The year-over-year decline was attributable to a 10.3% decline in total revenue, partially offset by a 10% dip in operating expenses. CME Group’s fees from clearing and transaction services, which accounts for about 84% of the total revenue, have been consistently deteriorating as a result of poor average daily volumes across asset classes.
While liquidity remains modest, poor financial results have deterred the company to repurchase shares. This further raises caution among investors. Although CME Group is straining to control expenses, the overall weak trading activity, lower volumes along with currency and interest rate fluctuations amid intense competition only heighten uncertainty in the near future.
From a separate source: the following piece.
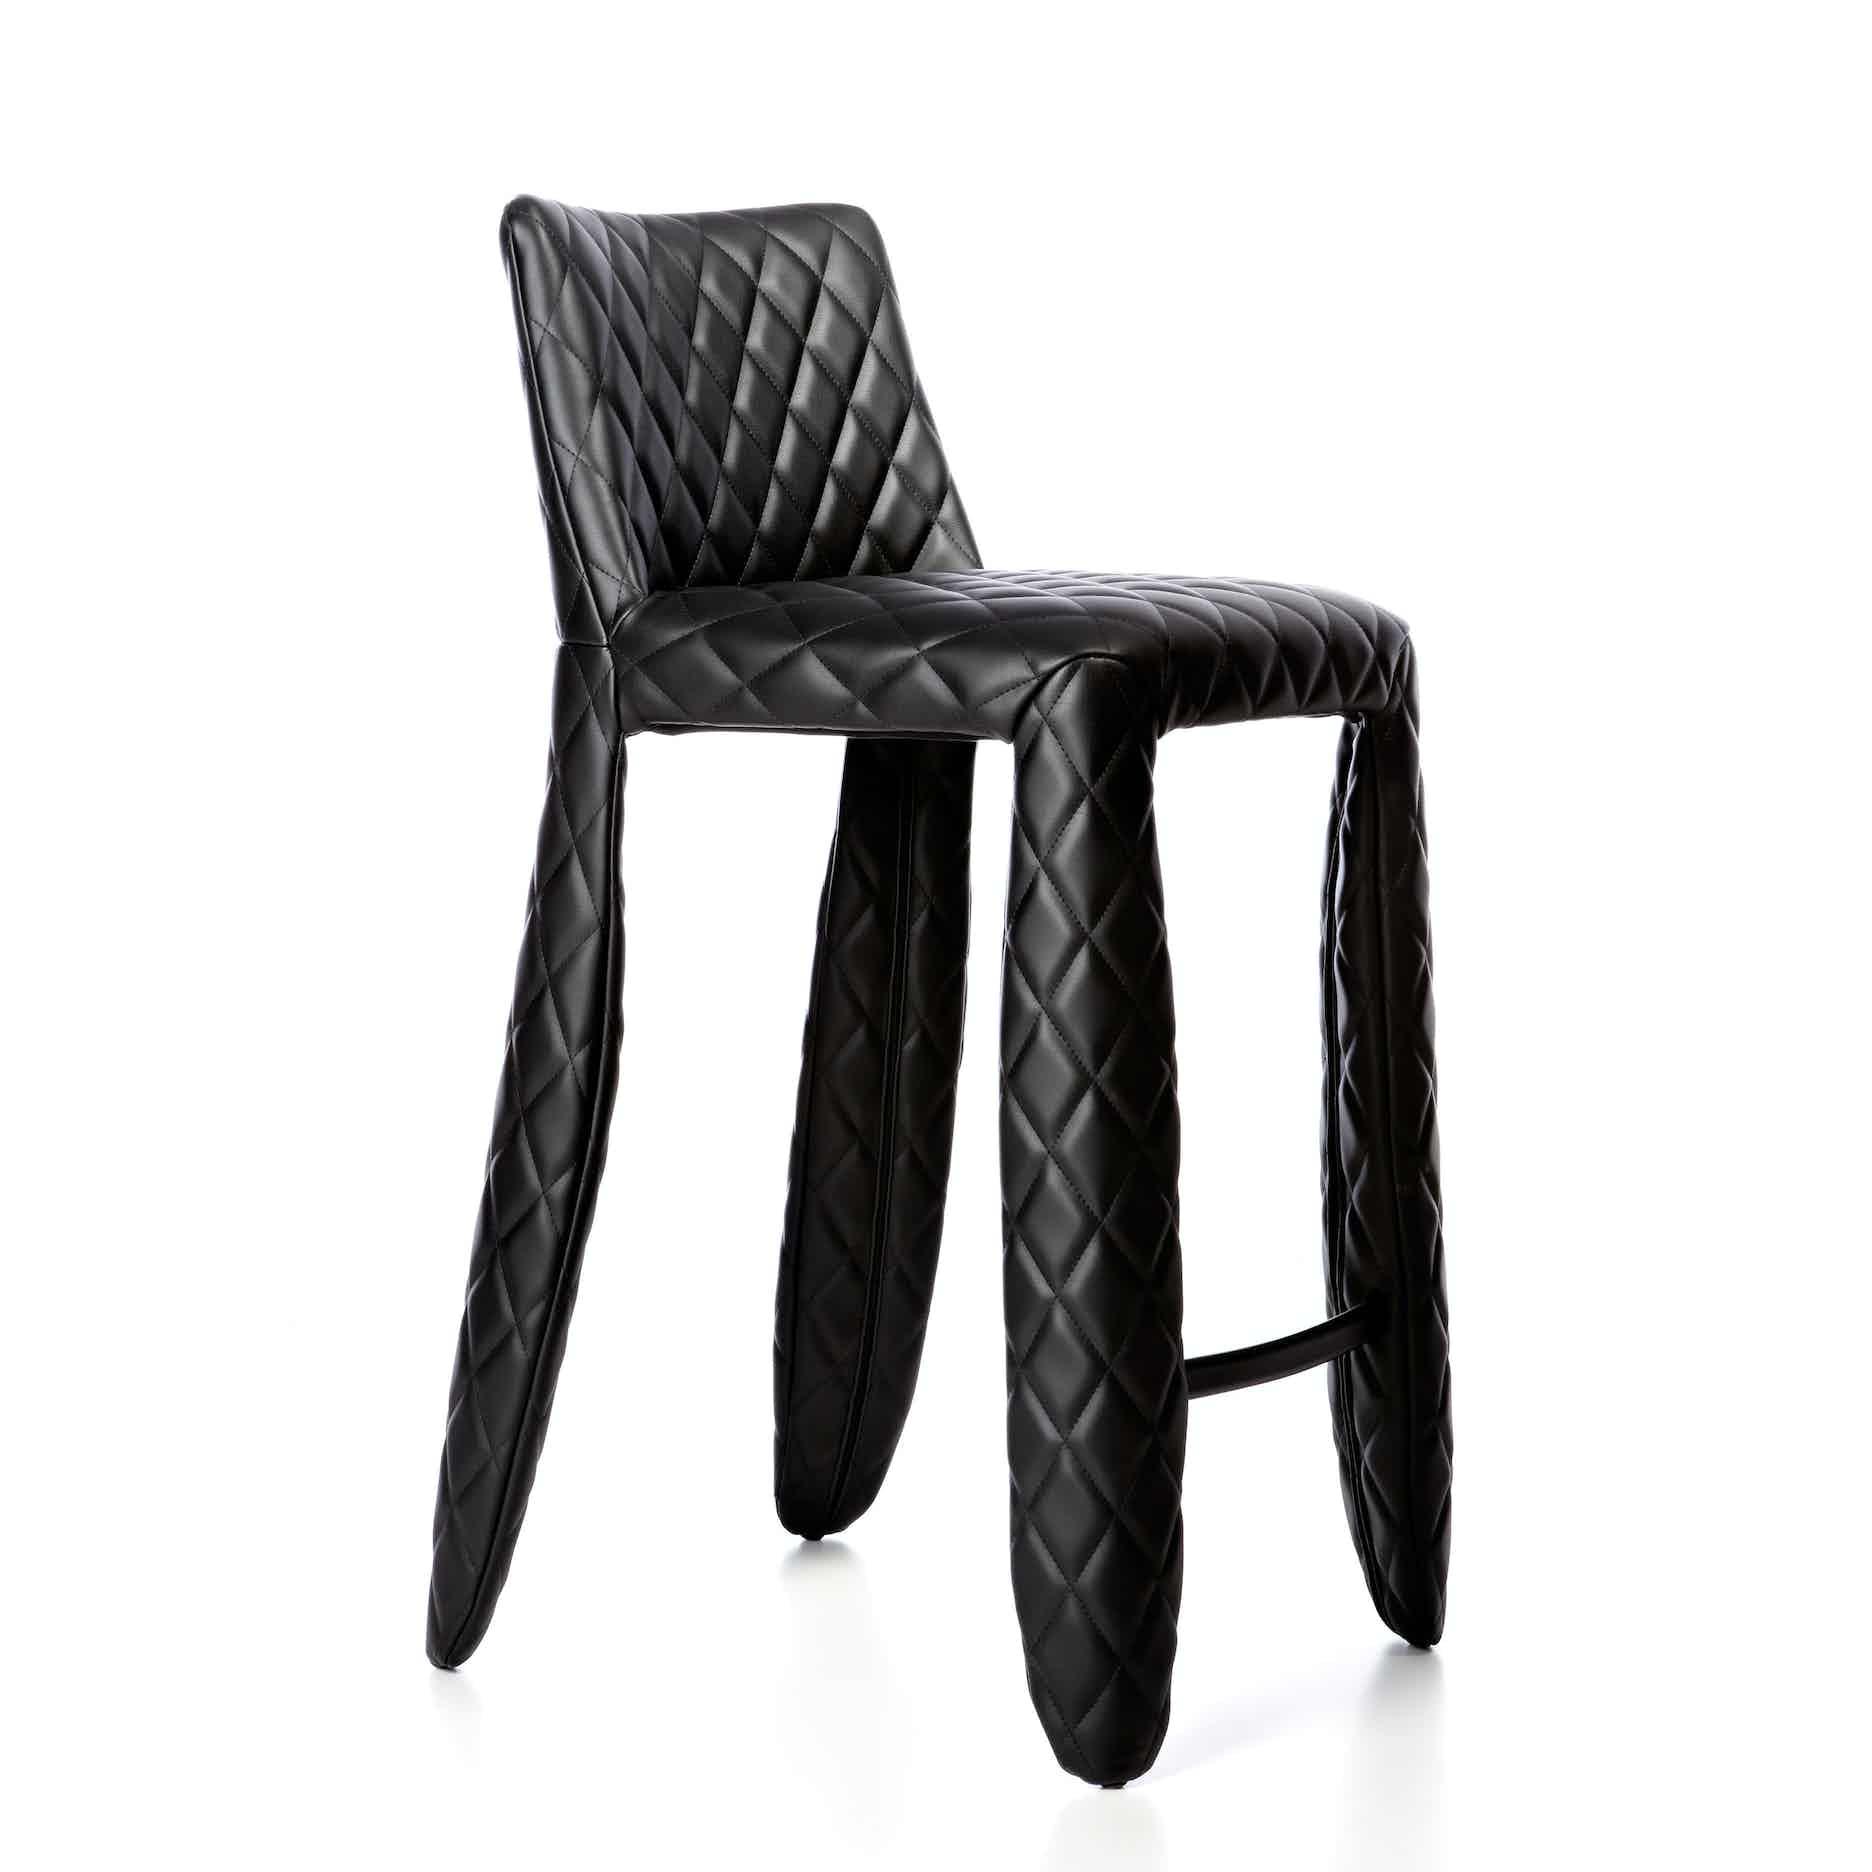 Moooi monster bar stool angle haute living

The Zacks Consensus Estimate for 2013 decreased 3.2% to $3.14 per share over the last 30 days, with 10 out of the 16 estimates being revised downward. For 2014, 7 of 14 estimates were revised downward, over the last 30 days, sinking the Zacks Consensus Estimate by 2.8% to $3.59 per share. No upward revisions have been witnessed for both the years.
Other Stocks to Consider
While most stock exchanges are bearing the brunt of weak volumes, though not as severe as CME Group, there are some strong performers in the financial sector, which include XL Group Plc ( XL - Analyst Report ) , Employers Holdings Inc. ( EIG - Snapshot Report ) and Bank of Montreal ( BMO - Snapshot Report ) . All of these carry a Zacks Rank #1 (Strong Buy).